THE TASK. Whenever an image turns up, omit it and return the remaining data exactly.

SUPPLIED INFORMATION.

■ ■ ■ ■ ■ ■ ■

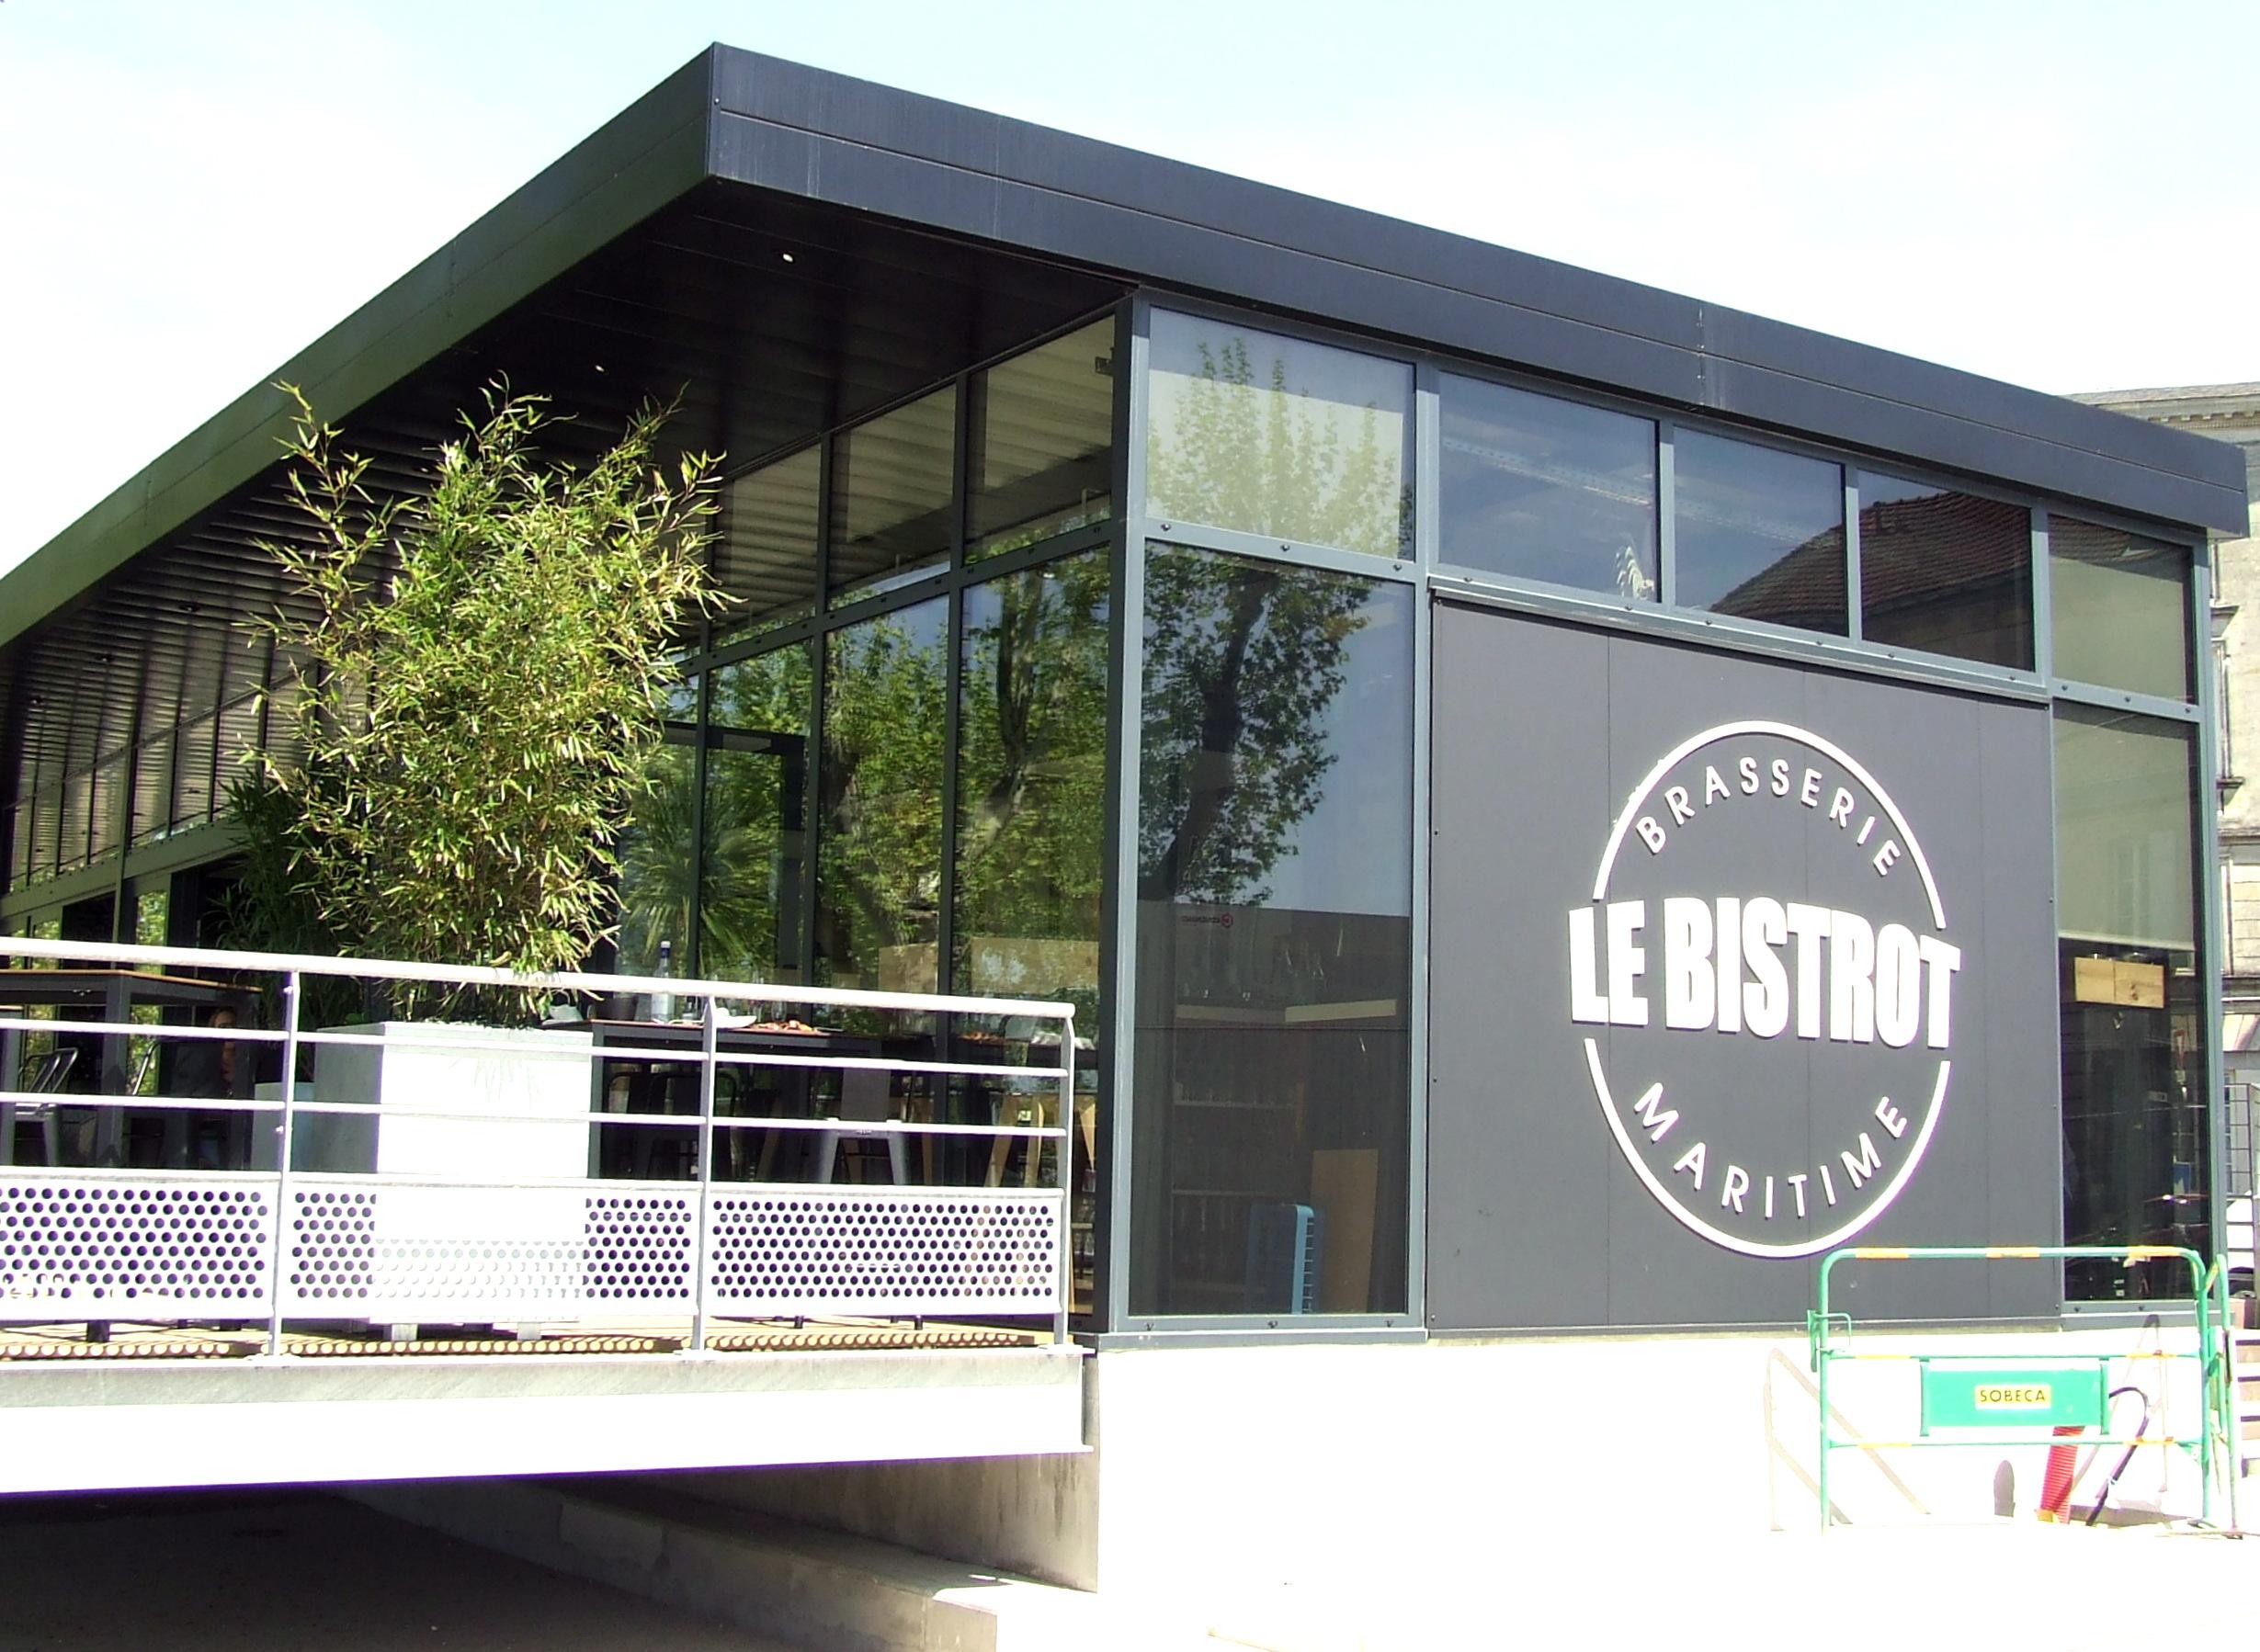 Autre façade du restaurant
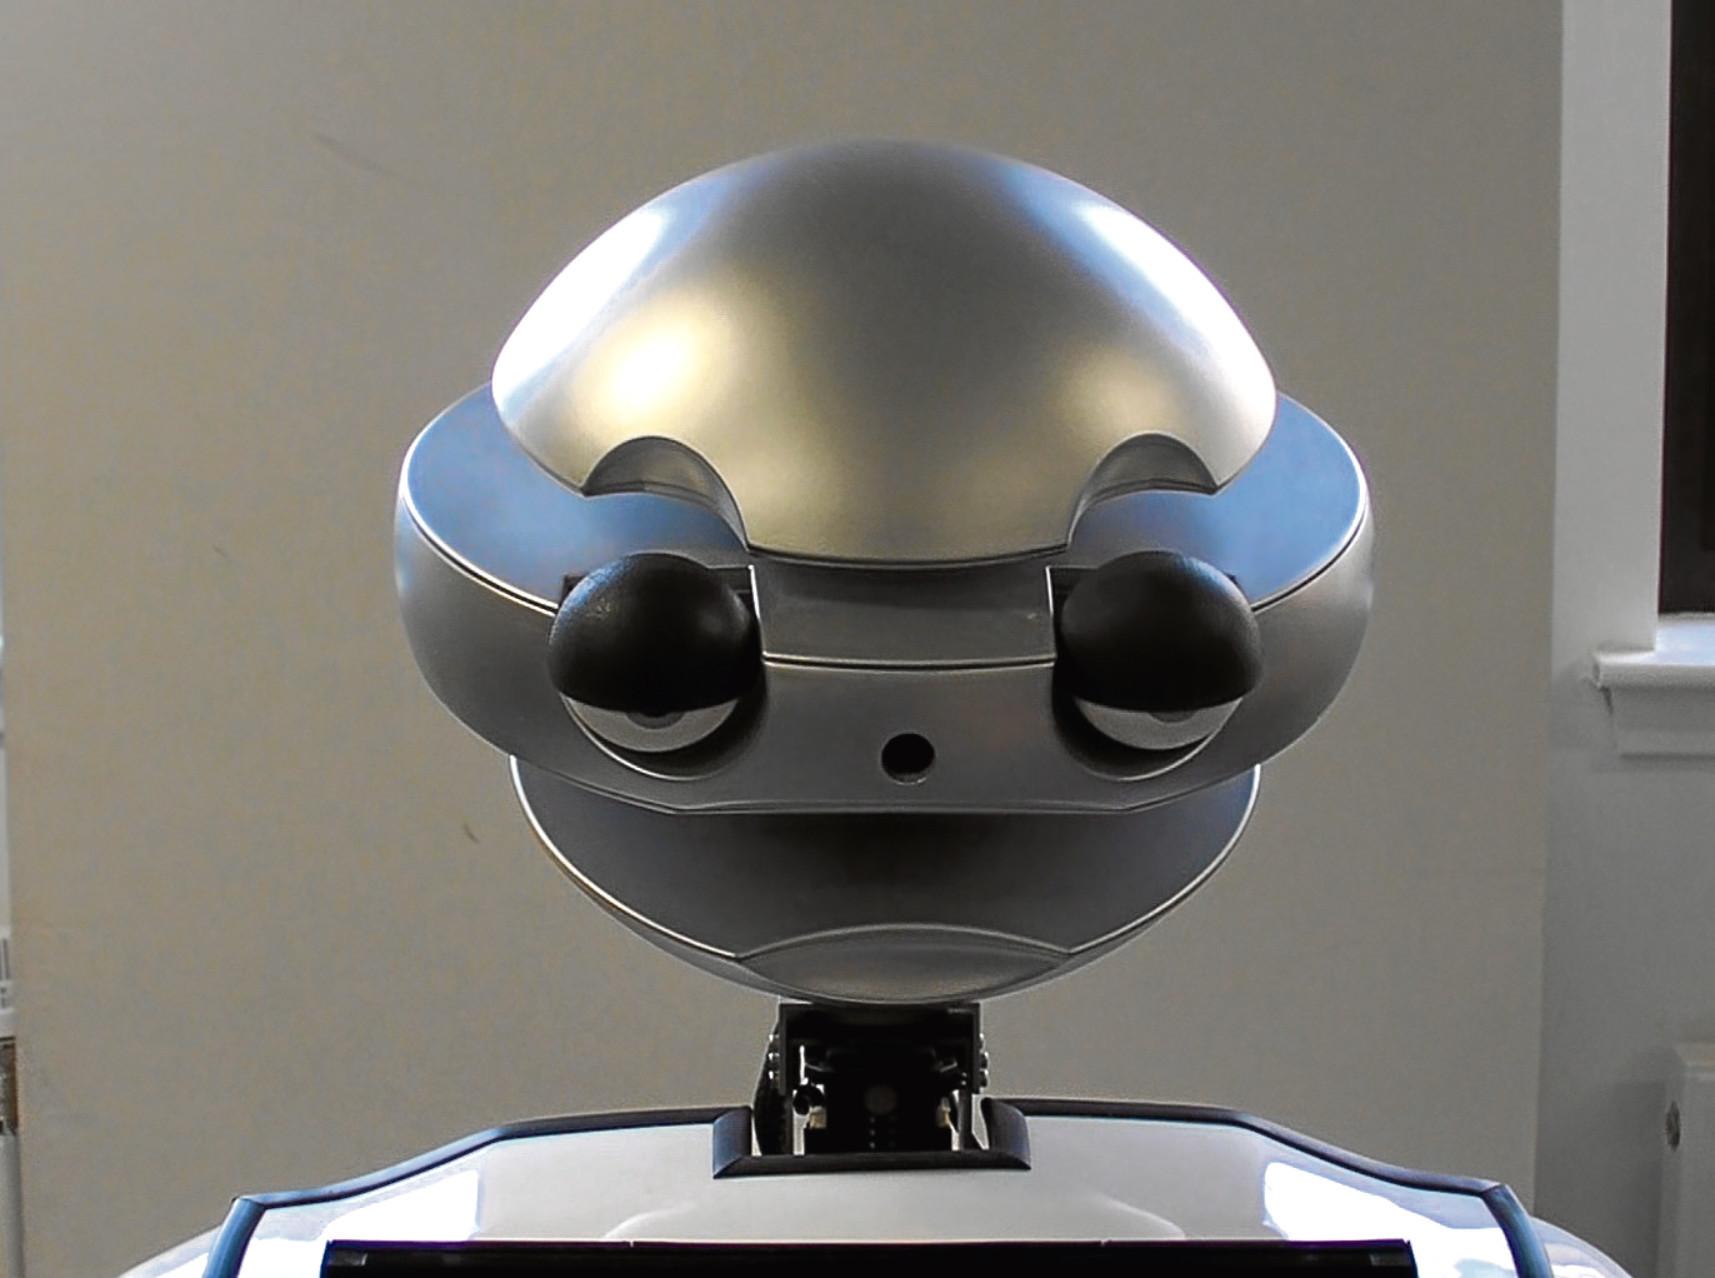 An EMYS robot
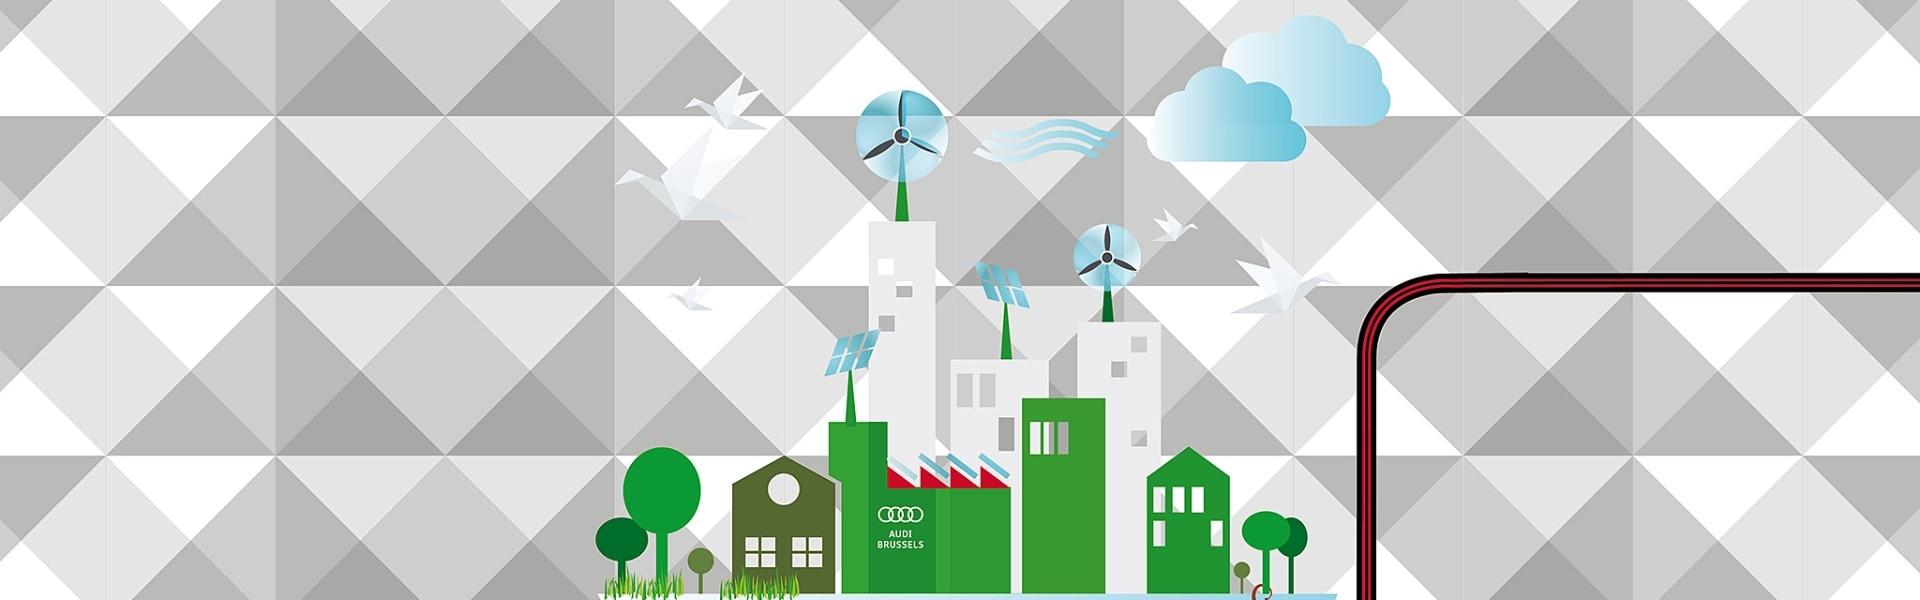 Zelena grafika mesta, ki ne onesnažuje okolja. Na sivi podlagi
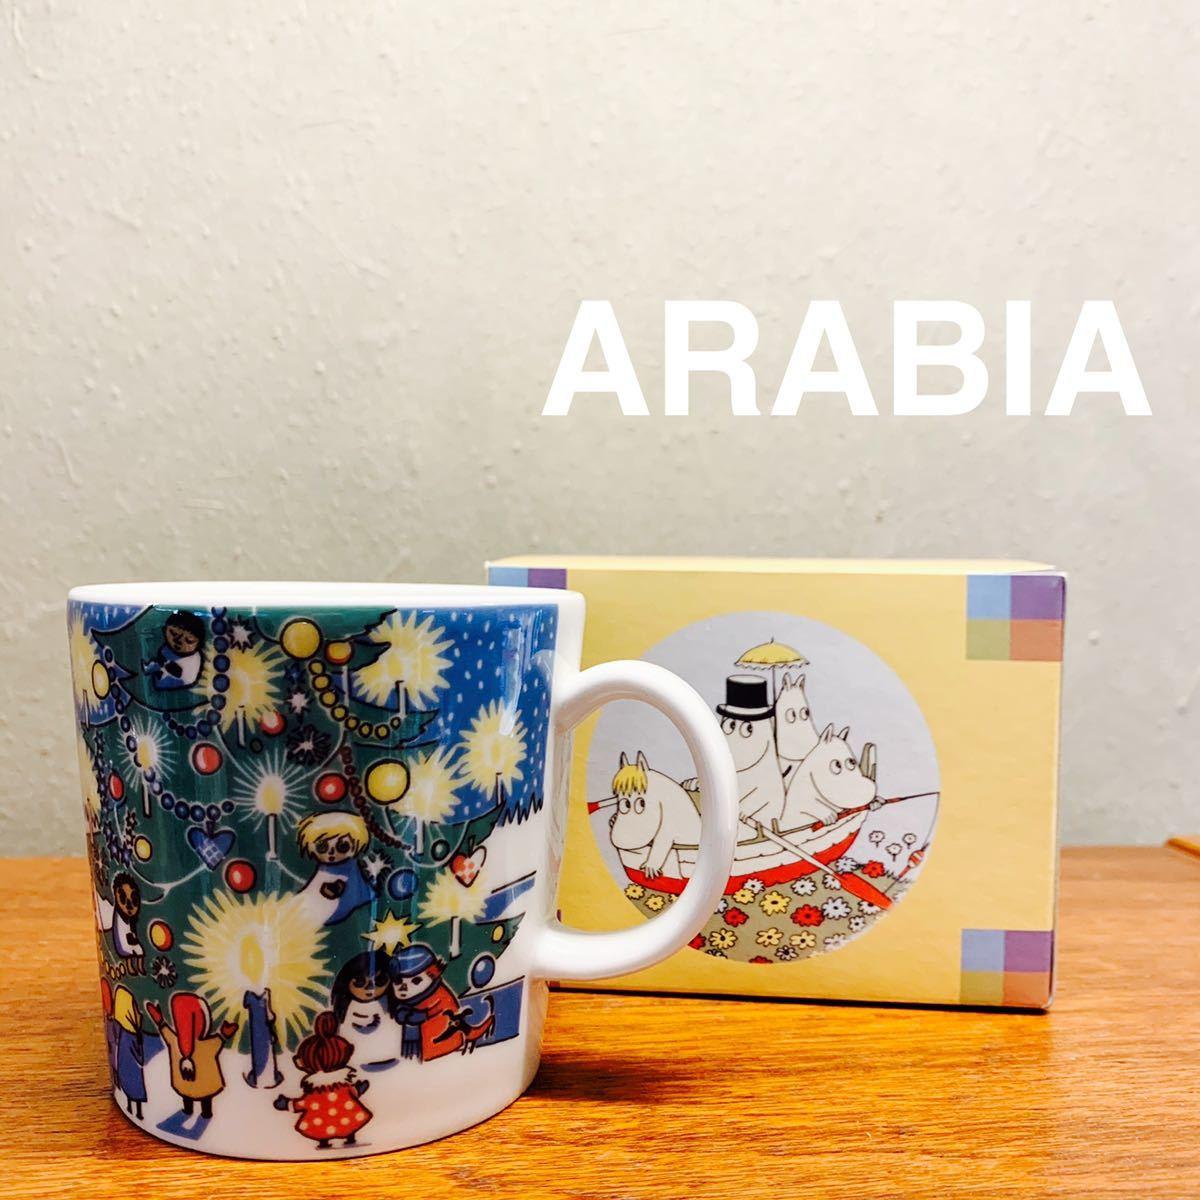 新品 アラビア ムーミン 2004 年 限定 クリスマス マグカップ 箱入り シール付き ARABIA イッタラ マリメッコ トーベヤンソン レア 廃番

■ ■ ■ ■ ■ ■ ■

EXERCISE ANSWER.
 Autre façade du restaurant
 An EMYS robot
 Zelena grafika mesta, ki ne onesnažuje okolja. Na sivi podlagi
 新品 アラビア ムーミン 2004 年 限定 クリスマス マグカップ 箱入り シール付き ARABIA イッタラ マリメッコ トーベヤンソン レア 廃番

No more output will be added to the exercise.